An interesting game right?

If you don't know about this game, take a look here,

{% embed url="https://www.mathsisfun.com/games/towerofhanoi.html" %} just play and learn {% endembed %}

So to solve it (displaying the steps), carefully analyze what actually happens when you have one and two disks. Then try to recreate the scenario with 3 disks. Maybe you can find a recursive approach here, here's the code,

6.9 Tower of Hanoi (Recursion)

#include<iostream>
using namespace std;

void towerOfHanoi(int n, char beg, char aux, char end) {
    if (n==1) {
        cout << beg << " -> " << end << "\n";
        return;
    }
    towerOfHanoi(n-1, beg, end, aux);
    towerOfHanoi(1, beg, aux, end);
    towerOfHanoi(n-1, aux, beg, end);
}

int main() {
    towerOfHanoi(4, 'A', 'B', 'C');
}

So, with recursion it's too short and feels simple right?

It's not this simple if you want to apply this thing with stack instead of recusion. A bit of trial and error perhaps?
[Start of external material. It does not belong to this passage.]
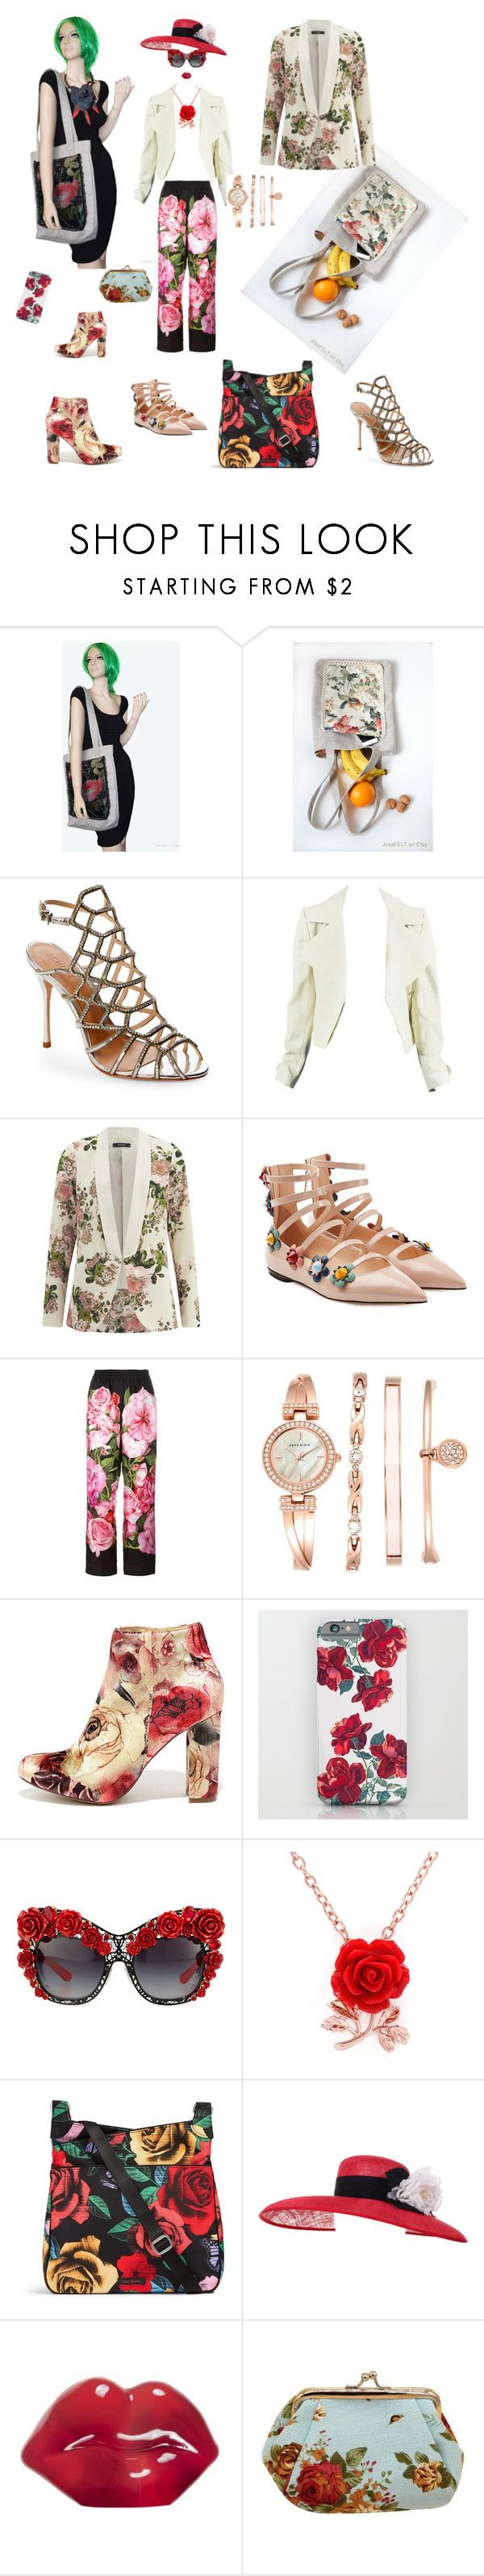 """Flowers in the fashion"" by recznedzielo-pl-jirsa-felt on Polyvore featuring moda, Schutz, VILA, Fendi, Dolce&Gabbana, Anne Klein, Liliana, Vera Bradley, Talitha i Kosta Boda"

6.10 Tower of Hanoi (Stack)

It's the iterative approach of the above code with stack,

#include<iostream>
#include<stack>
using namespace std;

void towerOfHanoi(int n, char beg, char aux, char end) {
    int add = 2;
    stack<char> st_beg, st_aux, st_end;
    stack<int> st_n, st_add;
    
    while (true) {
        if (n == 1) {
            cout << beg << " -> " << end << "\n";
            add = 5;
        }
        if (add == 2) {
            st_beg.push(beg), st_aux.push(aux), st_end.push(end);
            st_n.push(n), st_add.push(3);
            beg = st_beg.top();
            aux = st_end.top();
            end = st_aux.top();
            n--;
        }
        if (add == 3) {
            cout << beg << " -> " << end << "\n";
            st_beg.push(beg), st_aux.push(aux), st_end.push(end);
            st_n.push(n), st_add.push(5);
            beg = st_aux.top();
            aux = st_beg.top();
            end = st_end.top();
            n--;
            add = 2;
        }
        if (add == 5) {
            if (st_beg.empty()) return;
            beg = st_beg.top();
            aux = st_aux.top();
            end = st_end.top();
            n = st_n.top();
            add = st_add.top();
            st_beg.pop(), st_aux.pop(), st_end.pop(); 
            st_add.pop(), st_n.pop();
        }
    }
}

int main() {
    towerOfHanoi(3, 'A', 'B', 'C');
}

Or, perhaps one even more minimal approach? (Taught to me by MH Nazmul)

#include <bits/stdc++.h>
using namespace std;

void hanoi_stack(int n, char beg, char aux, char end) {
    stack<pair<int, vector<char>>> st;
    st.push({n, {beg, aux, end}});

    while (!st.empty()) {
        int n = st.top().first;
        char beg = st.top().second[0];
        char aux = st.top().second[1];
        char end = st.top().second[2];
        st.pop();
        if (n == 1) {
            cout << beg << " -> " << end << endl;
        } else {
            st.push({n-1, {aux, beg, end}});
            st.push({1, {beg, aux, end}});
            st.push({n-1, {beg, end, aux}});
        }
    }
}

int main() {
    hanoi_stack(3, 'A', 'B', 'C');
}